American physician, businessman, and mayor

Samuel Merritt (1822–1890) was an American physician and the 13th mayor of Oakland, California, from 1867 to 1869. He was a founding Regent of the University of California (1868–1874). He was also a shipmaster and a very successful businessman. He died in 1890 at age 68, with a reputation as the richest man in Oakland.

==Early years==
Merritt was born in 1822 in Harpswell, Maine, within Casco Bay. As the youngest of five children of Stephen and Joanna (Purington) Merritt, in addition to schooling, he learned some fishing, helped to build ships, and helped in other functions of a mariner. In 1844 he graduated from the Medical School of Maine at Bowdoin College. After practising medicine in Plymouth, Massachusetts, for three years, Dr. Merritt, at Daniel Webster's urging, decided to join the California gold rush. He borrowed heavily from his brother Isaac, bought the 140-ton brig Reindeer, filled it with general supplies, and embarked on his voyage in 1849 as the navigator.

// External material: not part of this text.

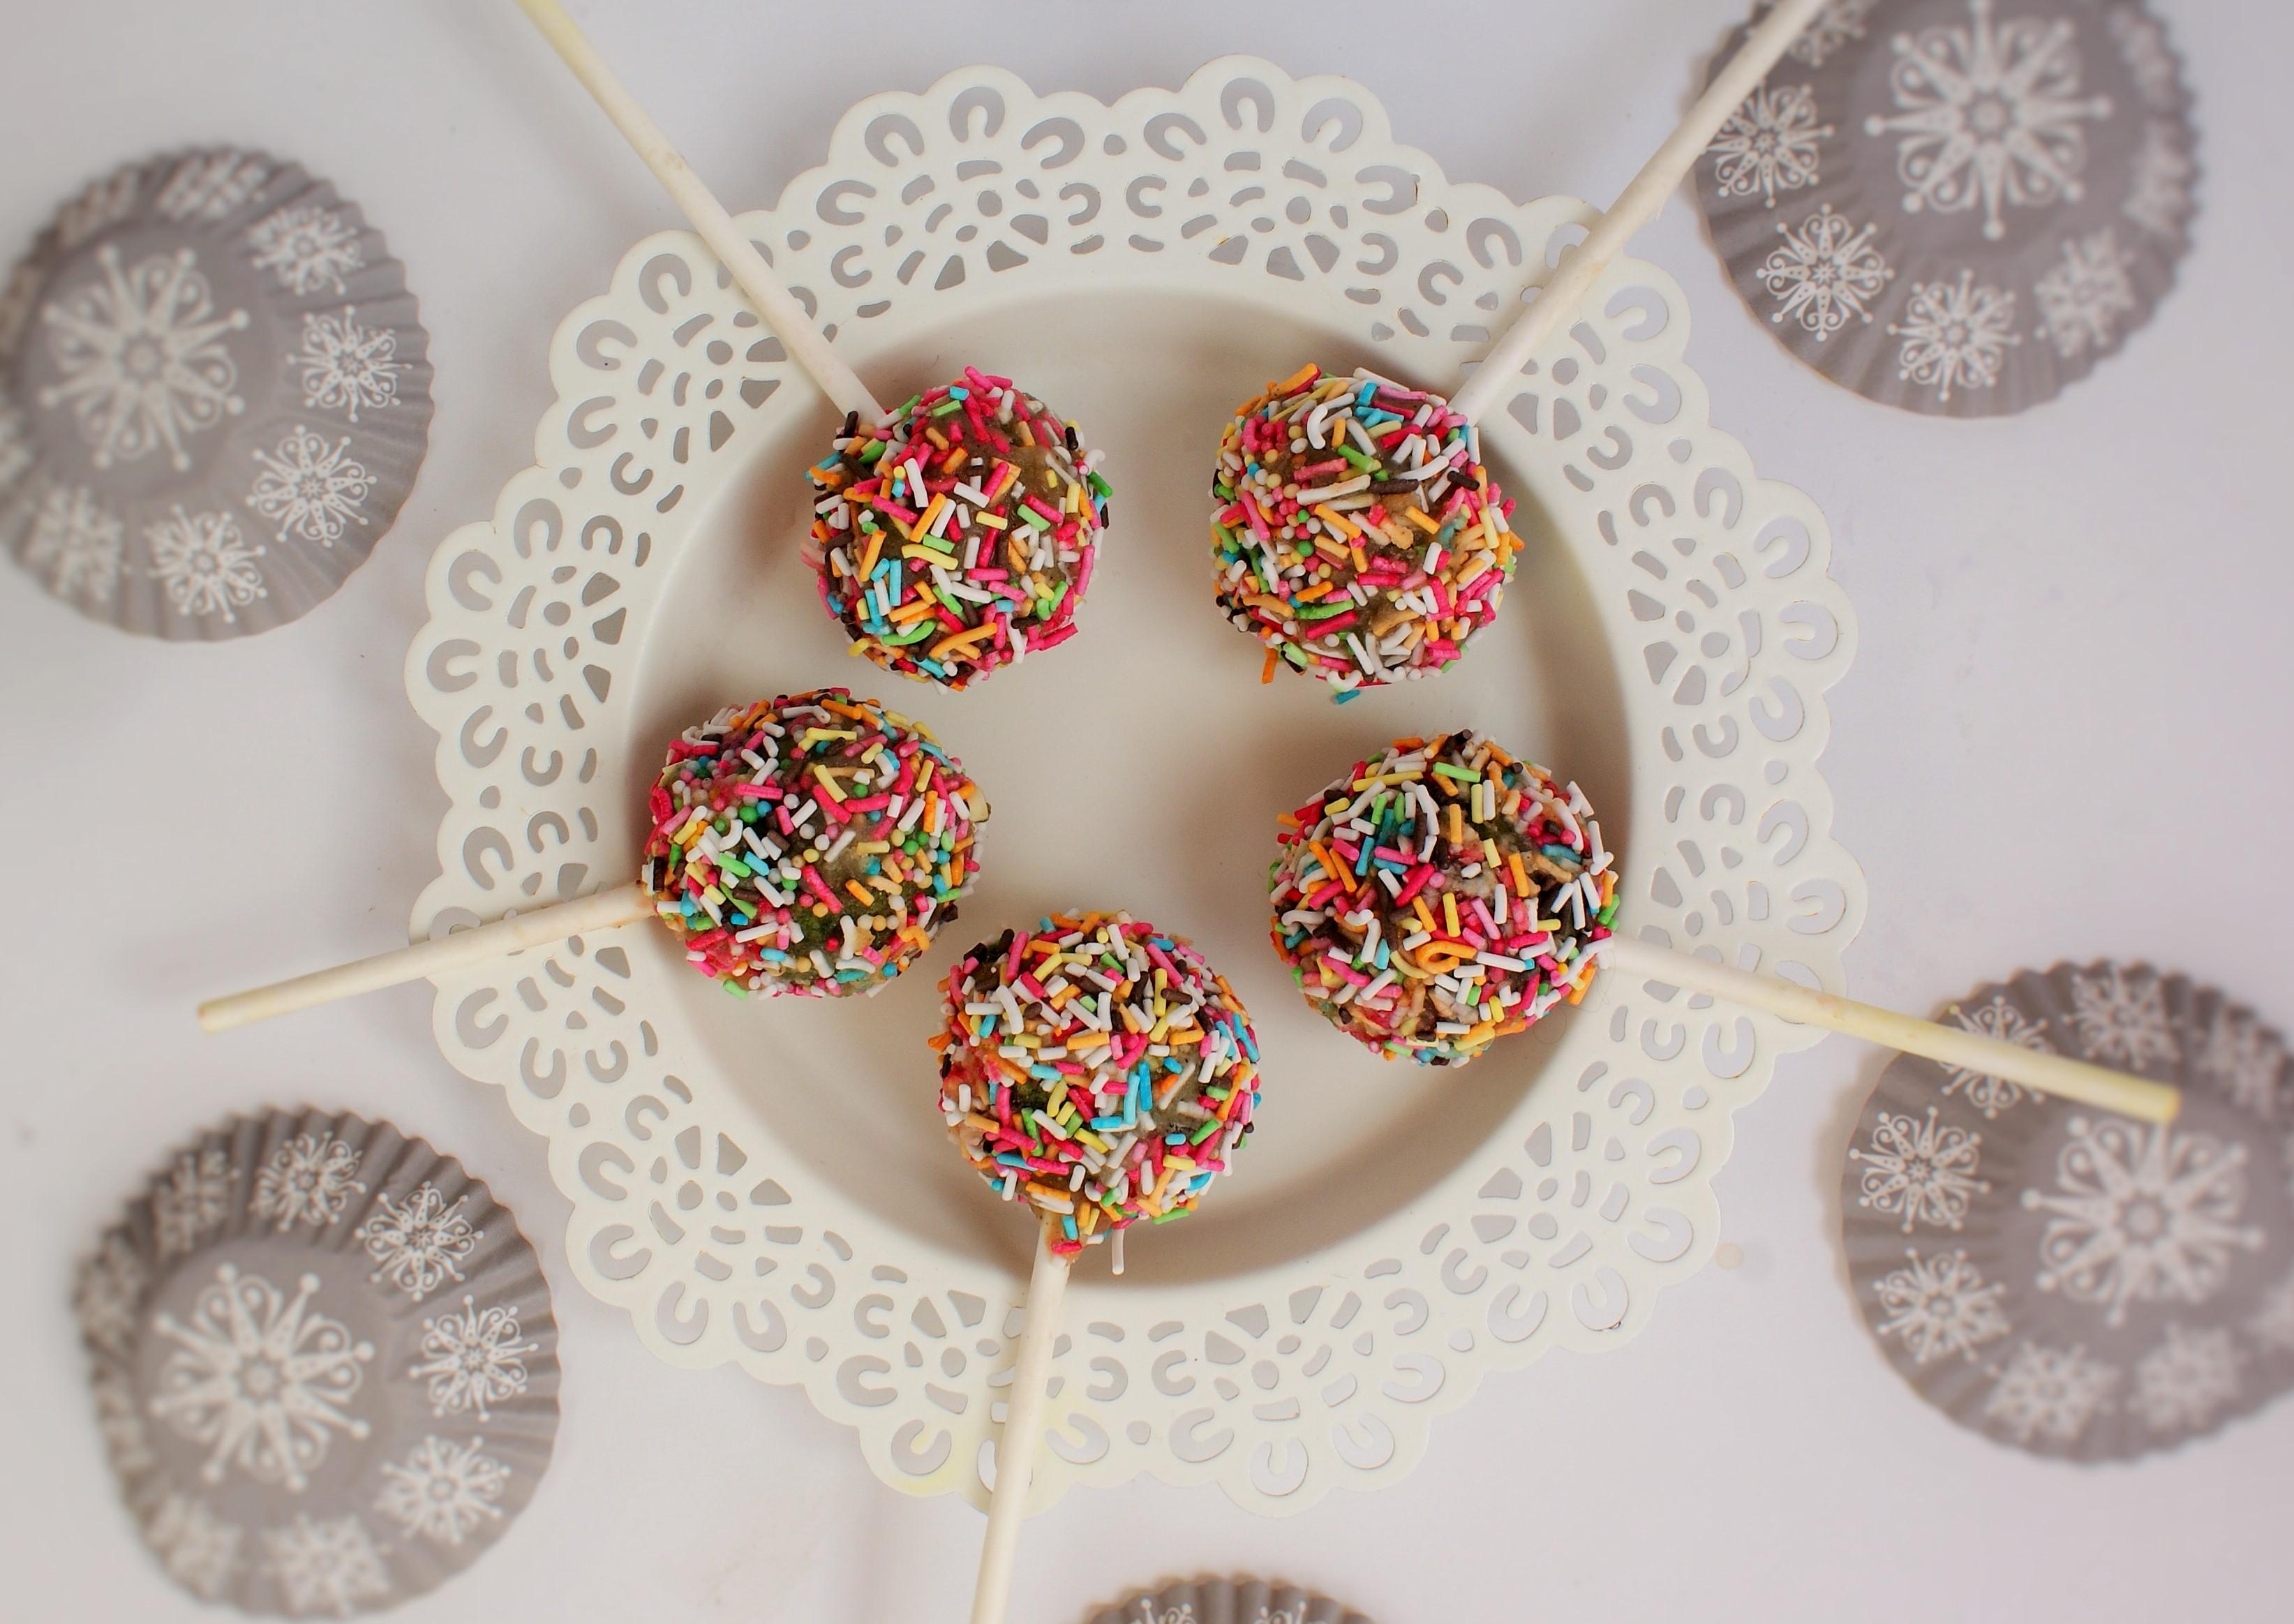 Cake pops czyli ciastka na patykach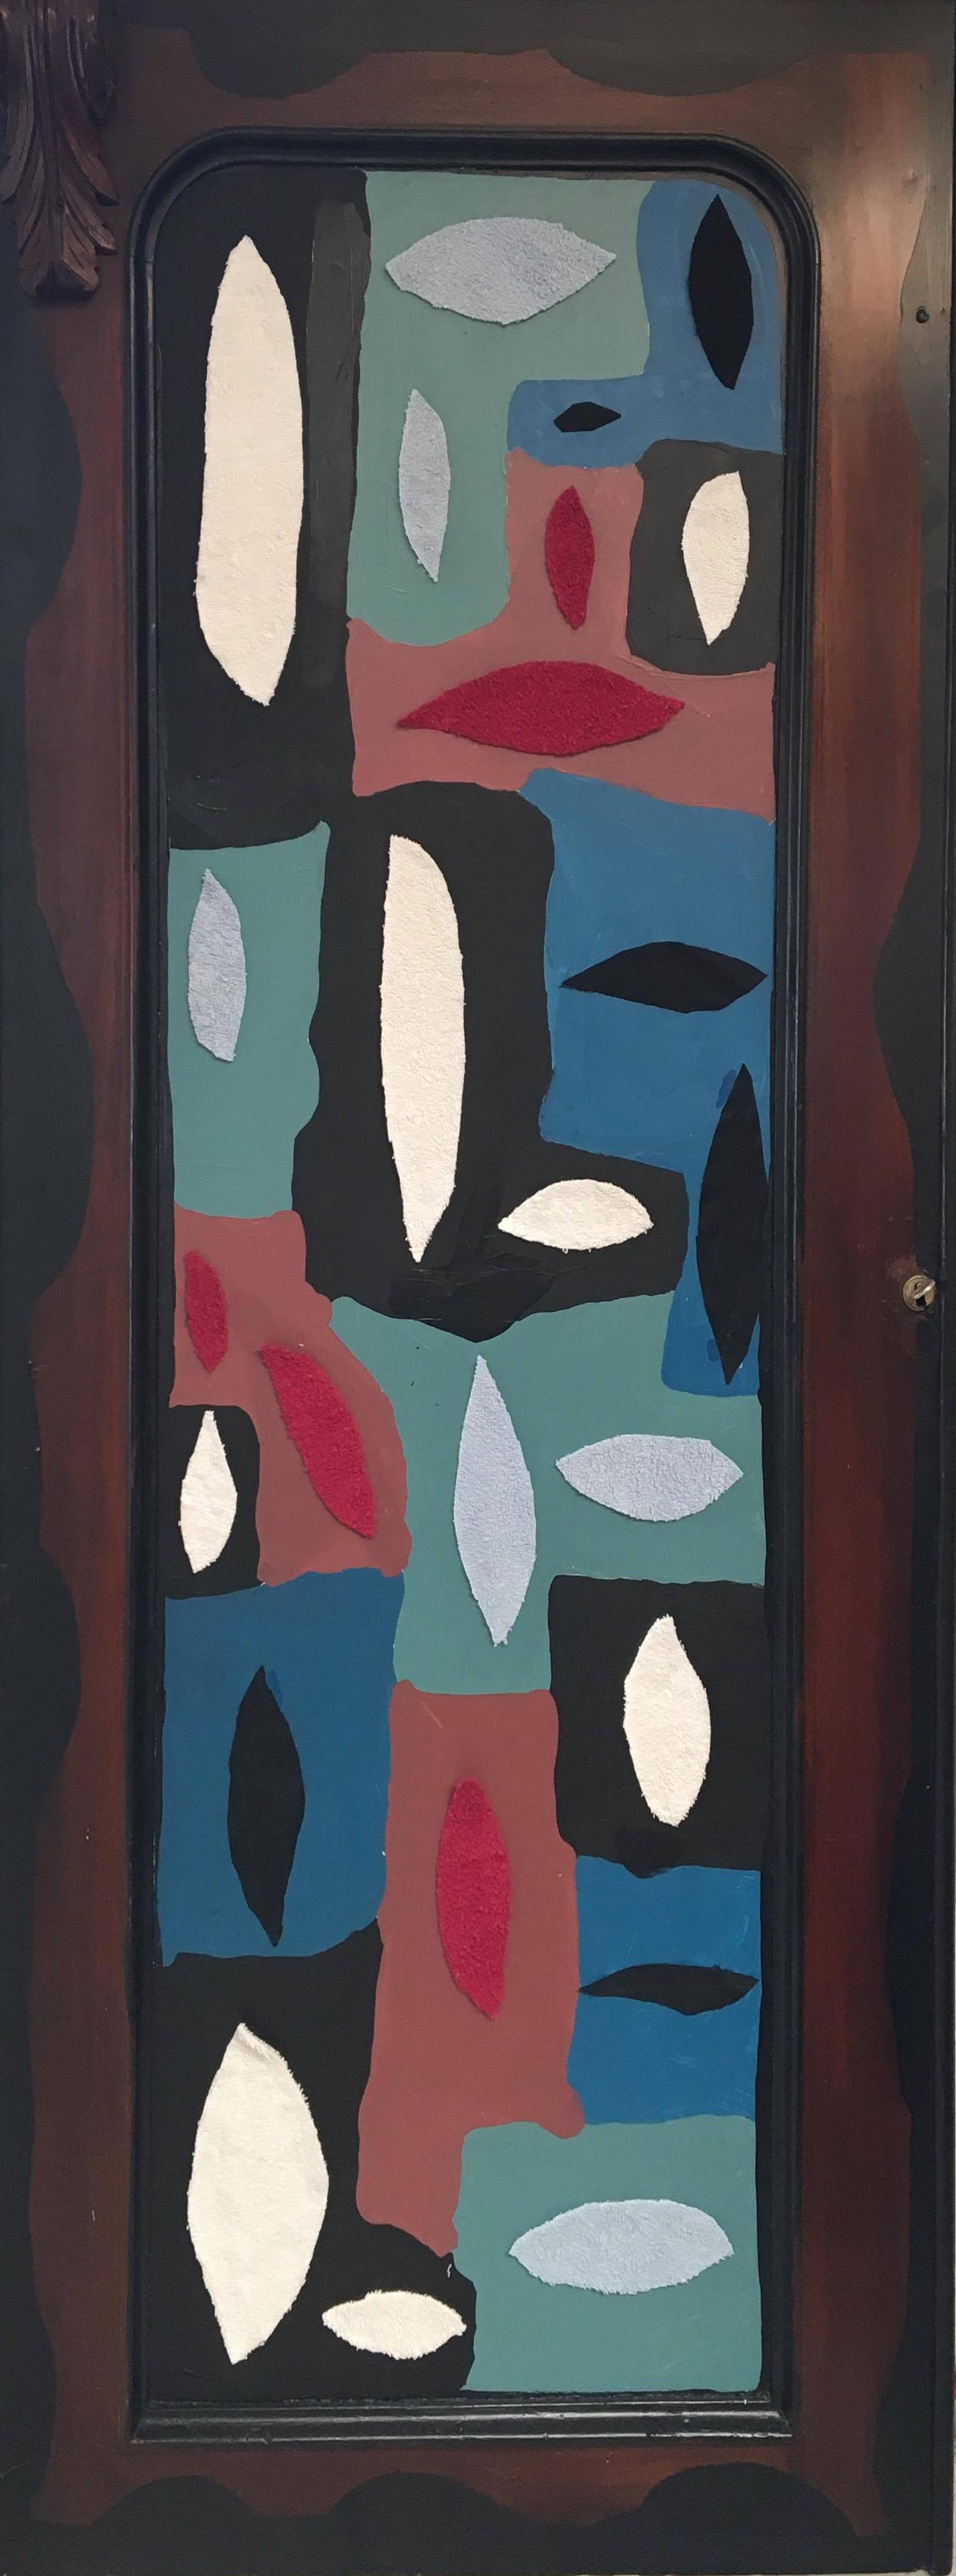 Acrylic, fabric on door

According to the Port of San Francisco, the brig Reindeer arrived on 5 May 1850, 153 days from New York, with assorted cargo for Merritt. Because of a fire in San Francisco days prior to his arrival, he sold his consignment quickly for a handsome profit. Moreover, he chartered his brig for $800 a month, carrying passengers and cargo to and from Humboldt Bay, which started his trading business. Meanwhile, he continued through the 1850s his medical practice near the San Francisco berths, with his physician's office listed for six years at Room No. 7 in the Express Building at the corner of Montgomery and California Streets.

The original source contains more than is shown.